### The data
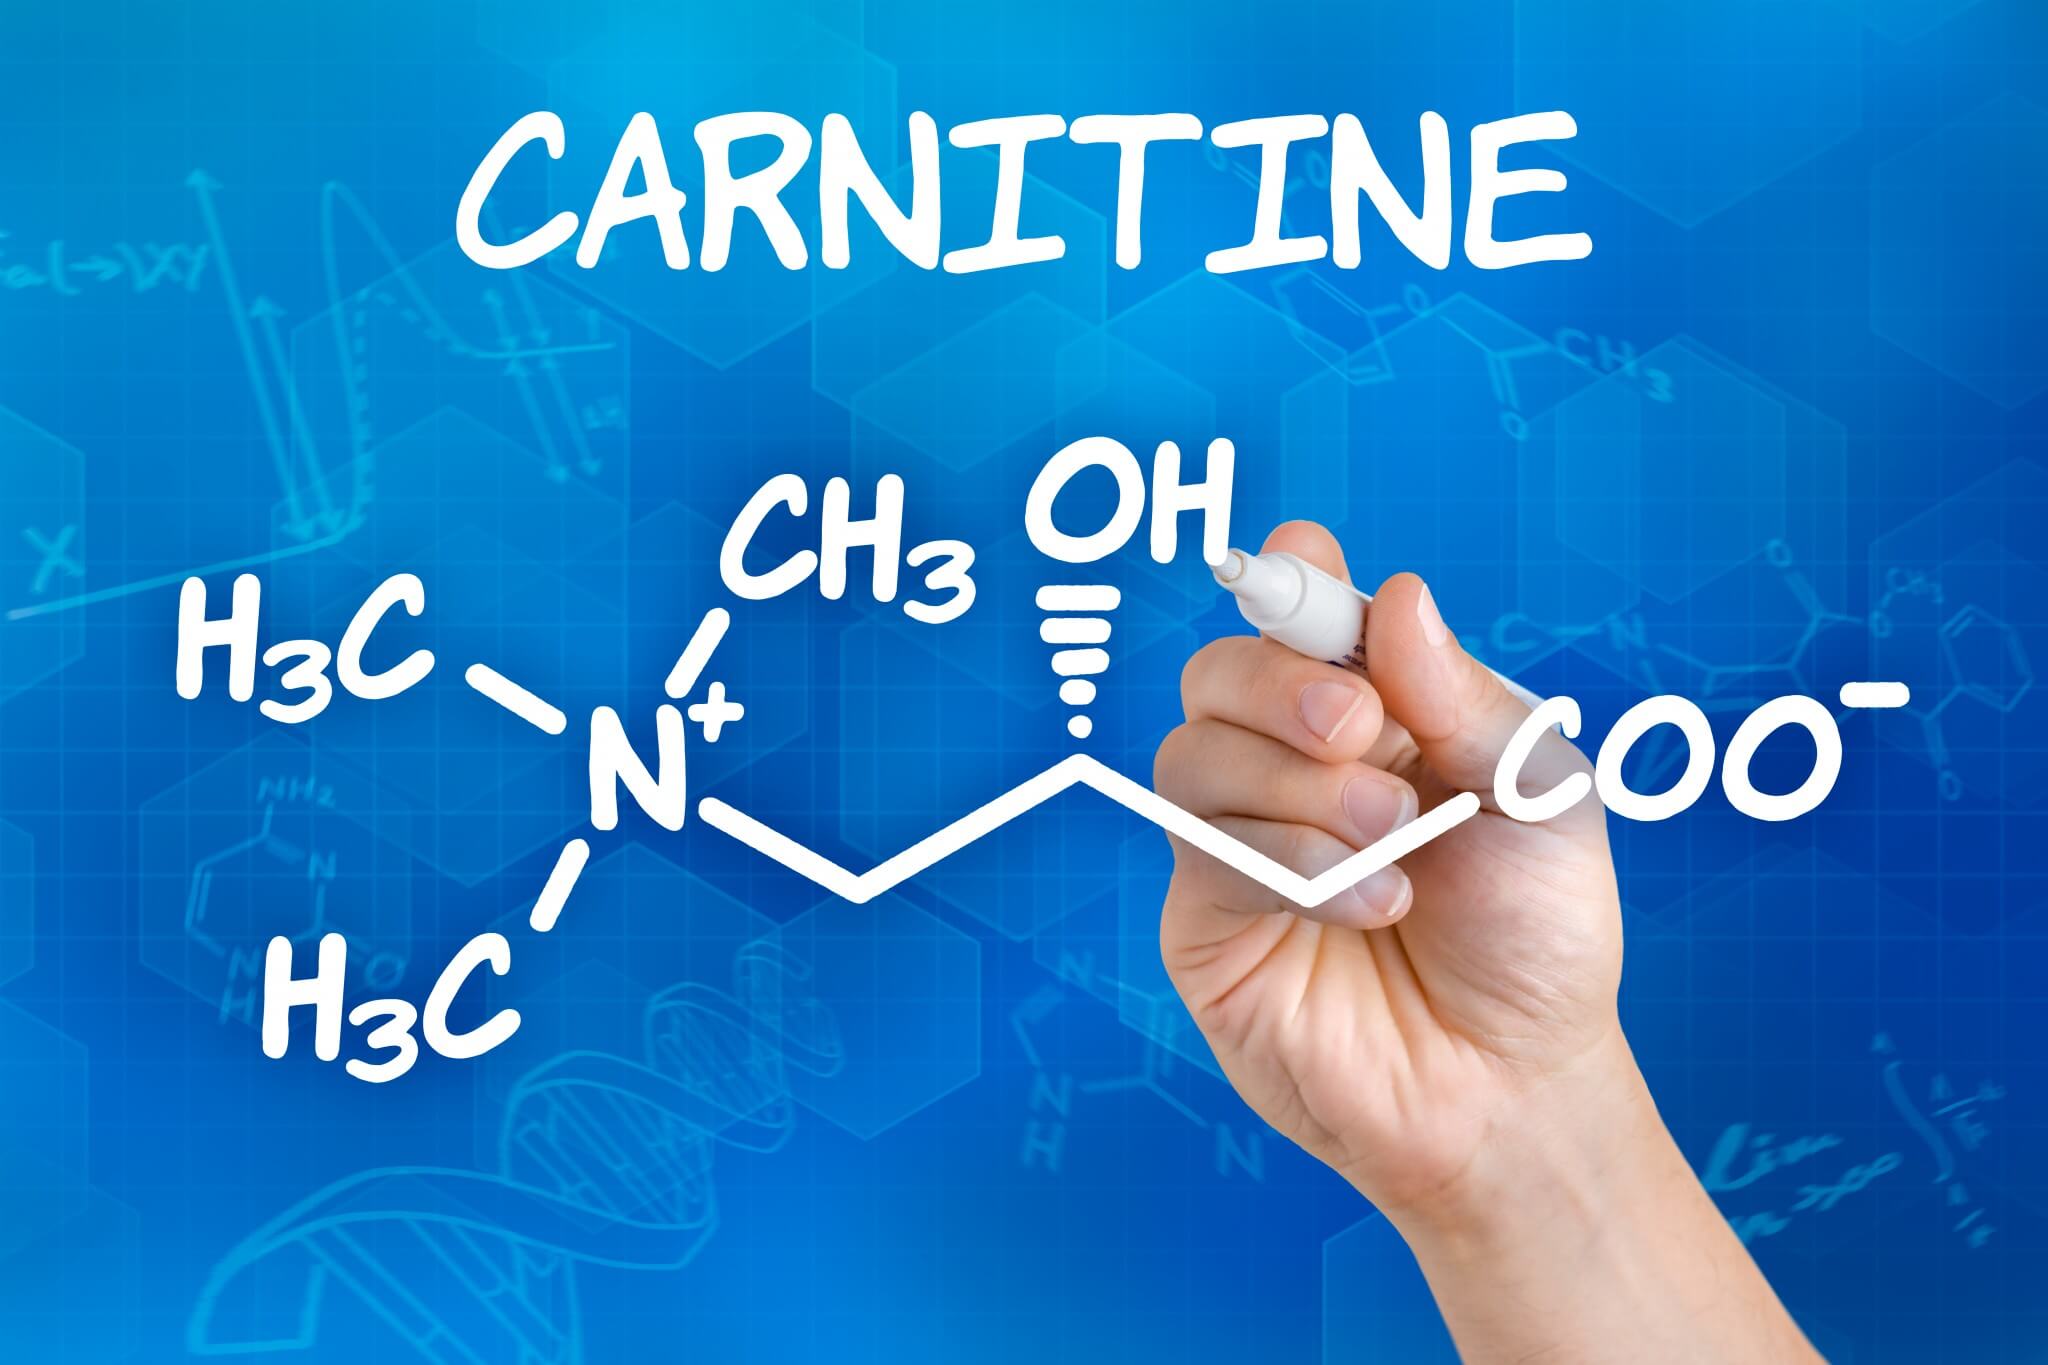 Nová využití karnitinu - zvýšení výkonu a vytrvalosti
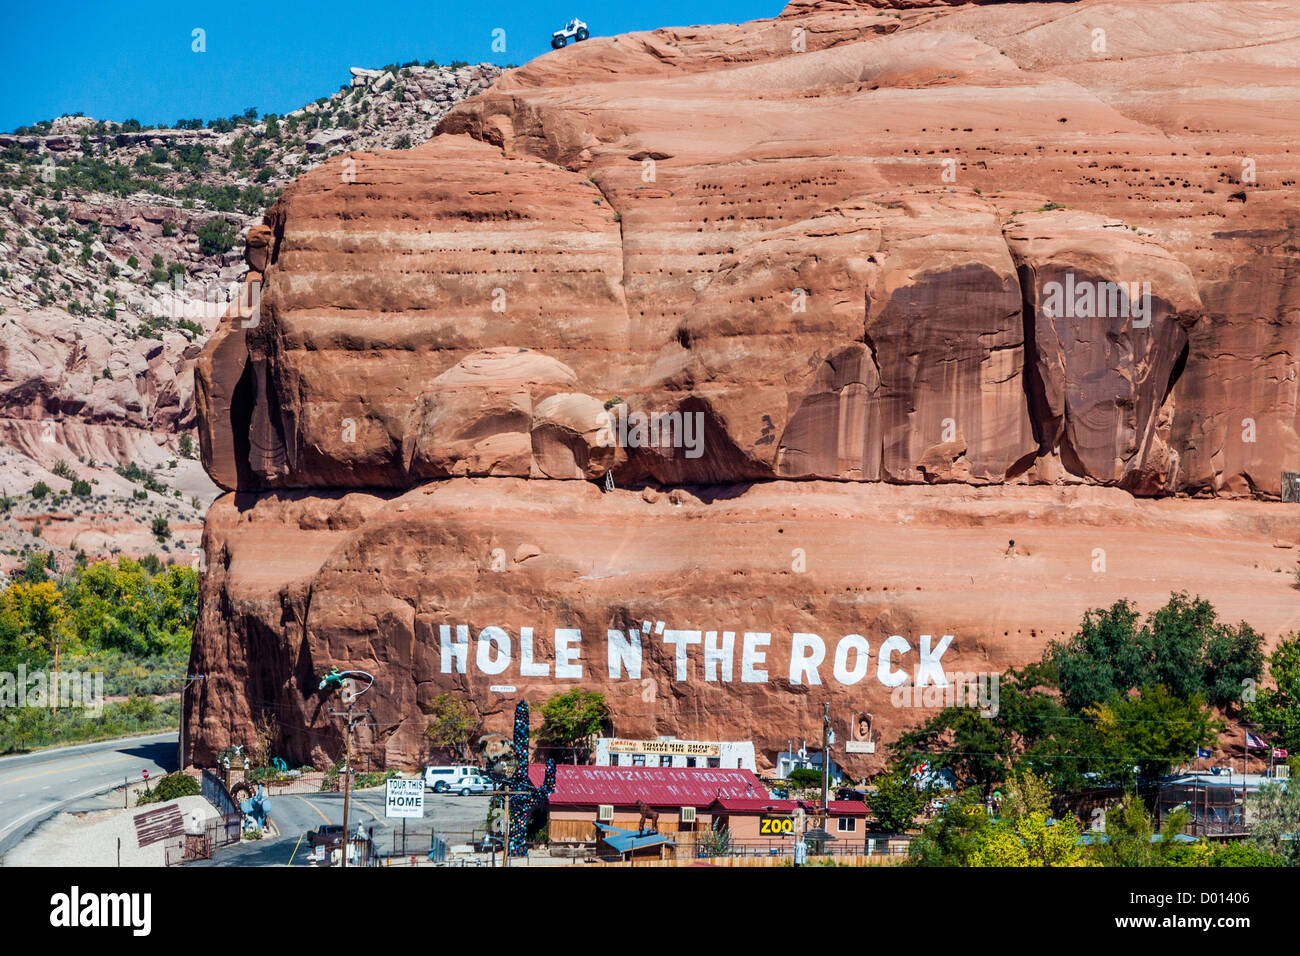 'Hole in the Rock' Touristenstopp auf der landschaftlich schönen US 191 Autobahn in Utah - mit Heim- und Touristenstopp in den Fels gebaut. Stockfoto
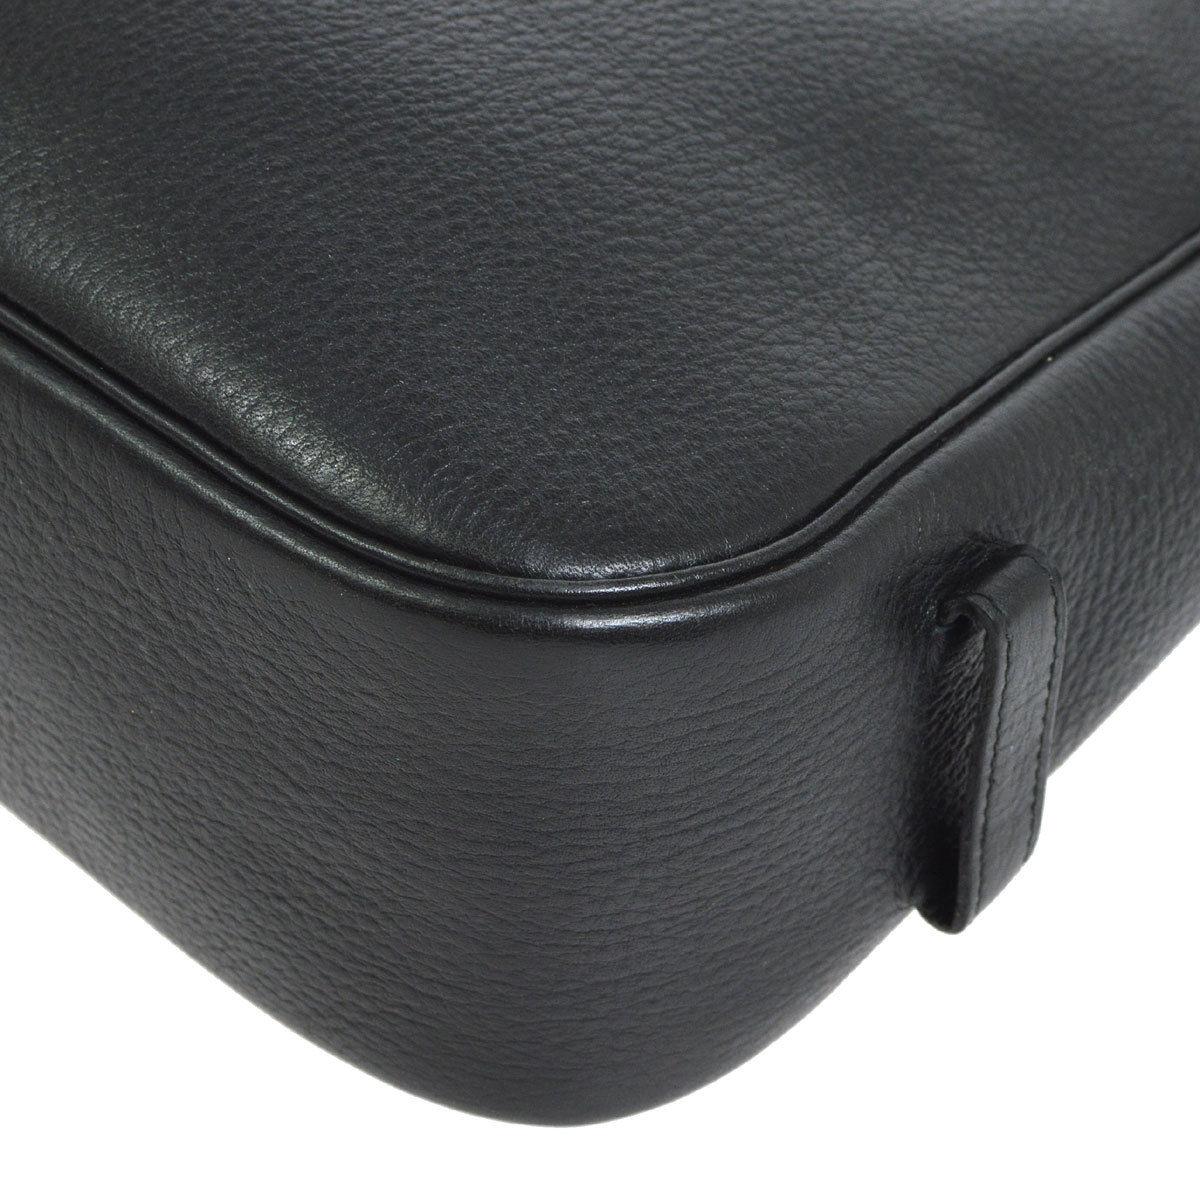 Hermes Black Leather Cognac Large Carryall Shoulder Crossbody Bag 1

### What this task involves
Repeat the listing in full and exactly. Leave any pictures out.

### Exercise output
 Nová využití karnitinu - zvýšení výkonu a vytrvalosti
 'Hole in the Rock' Touristenstopp auf der landschaftlich schönen US 191 Autobahn in Utah - mit Heim- und Touristenstopp in den Fels gebaut. Stockfoto
 Hermes Black Leather Cognac Large Carryall Shoulder Crossbody Bag 1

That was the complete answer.